All Scottish Blackfaces are horned, with black or black and white face and legs and long white wool. The breed has been described as of "fierce and hardy look", and that description still applies today. Almost nothing can tame their independent spirit which is what makes them the Premier Hill Breed. The Scottish Blackface ewe has a long life and typically will give four or five lamb crops on the hill or marginal ground and a further two or three crops on the lower ground.
The small hill lamb is perhaps the finest gourmet quality, giving a carcass free from superfluous fat and waste, and fits very well into the burgeoning ethnic market.
As a hill breed, Scottish Blackface lambs naturally mature later in the season and retain their flavor and succulence well into the New Year.
Scottish Blackface rams are surprisingly mellow with impressive horns that develop their full curl by the second year of age.
The pure white fleece should be free of black fiber and can vary from short, fine wool used for carpets and tweeds to strong coarse wool, which is sold mainly for the mattress trade. The white wool takes color dye very well.
- Head - To be carried above shoulder level, medium size, broad between the eyes, head and crown to be covered with short glossy hair.
- Horns - To start flat away from the crown with skin and hair between the roots, to be of medium thickness, should not turn too quickly, but sweep back, down and out leaving a good space between horns and jaw. To be free from blueness or any edge.
- Eyes - Bright, alert and full but not protuberant.
- Ears - Medium length and thickness, slightly curved, free from wool and long hair, alert and silky, never thick, fleshy or drooping, preferably carried behind the horns.
- Face - To be slightly roman, medium length with strong jaws, free from flesh, to portray sinew and muscle. To be covered with short glossy hair, colors to be distinct and not running together, pure black or black and white.

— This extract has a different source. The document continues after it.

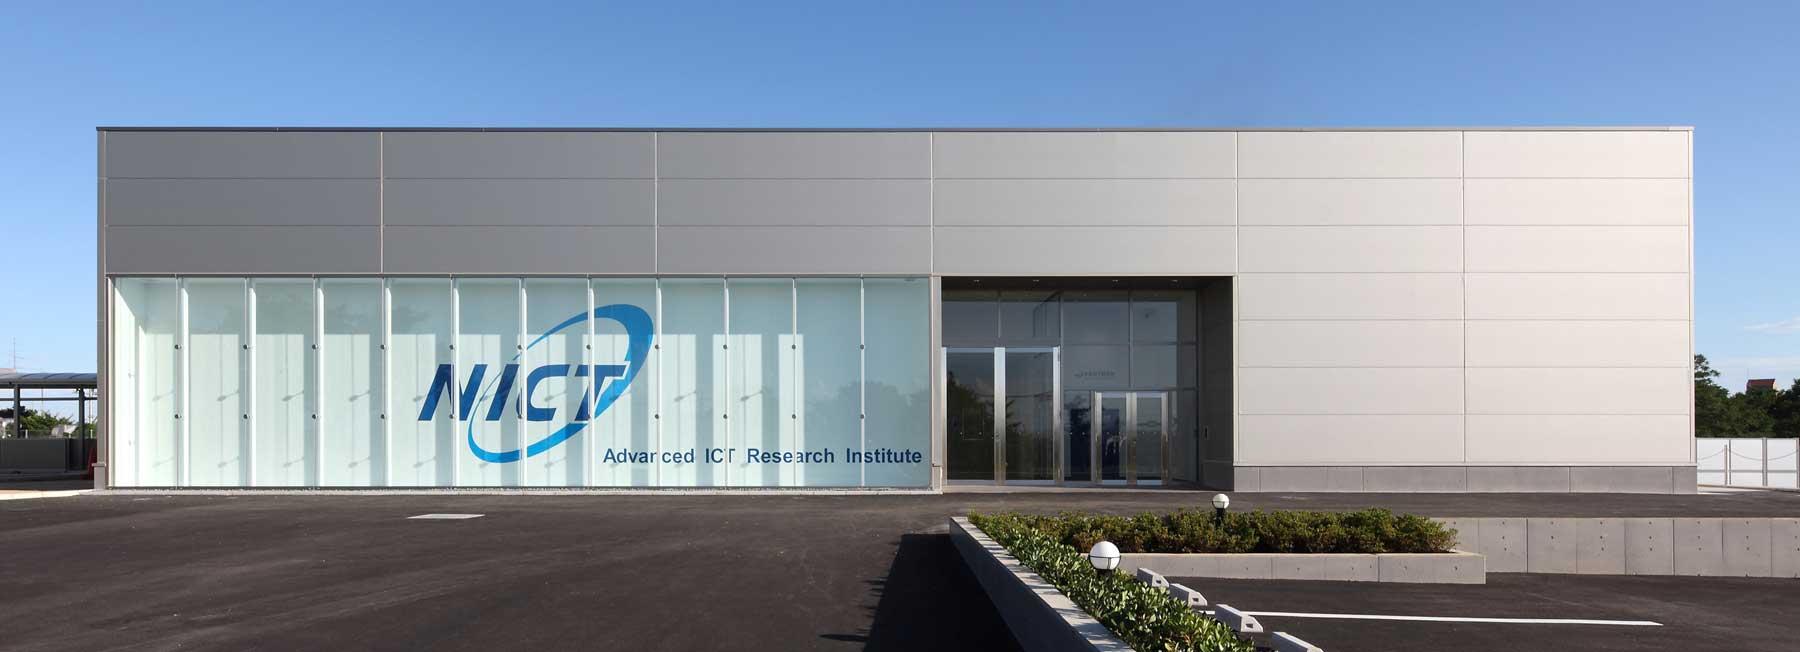 国立研究開発法人 情報通信研究機構 未来ICT研究所 クリーンルーム棟の施工事例

- Muzzle - To be strong and square; large, black, open nostrils, black lips with short broad teeth meeting the upper pad squarely, neither top nor bottom jaw protruding.
- Neck - Medium length slightly crested, strong and muscular. Shoulders - Slightly above the level of the back, not too broad at the top, with downward and outward sweep.
- Chest - Broad, but not too deep or carried too far forward, not too prominent.
- Back - Straight and level, well-sprung deep ribs, to have a nice kindly touch when handled, with the backbone well covered.
- Tailhead - Must not droop, to be almost square, wide, and giving an appearance of strength.
- Tail - Set in almost level with the back, should finish at the hocks, be well covered with white wool all the way down, should not swing when walking.
- Thighs - Should be very well developed and carried down, portraying great strength and power, and it should be kept in mind the "leg of mutton" is the most important selling part of the carcass.
- Legs - Medium length and size of bone, free from flesh below the thigh, giving the appearance of muscle and sinew, with a tight form skin, the bone to be flat and strongly jointed, legs set well apart with good clean hocks, slightly wider than the feet, with no tendency to looseness, giving the sheep a first-class carriage to enable it to travel long distances in search of food. The hind legs to come out well behind, never underneath, ensuring a long step and power to travel through rough ground and snow. Below knee and hock to be clear of wool and covered with good short hair. Pasterns to be springy to assist in climbing but not too long, with a sound, open, moderately sized foot. Color of legs similar to face.
- Underline - Weight should not be carried forward as in lowland sheep, underline to rise slightly towards the fore-end giving a picture of a great strength behind, should not be over-wooled below.
- Fleece - Must give protection without hindering movement, should be thick with medium staple, straight wool, a coarse outer coat and softer, shorter inner coat. There should be no hair, or blue or black fibers in the fleece.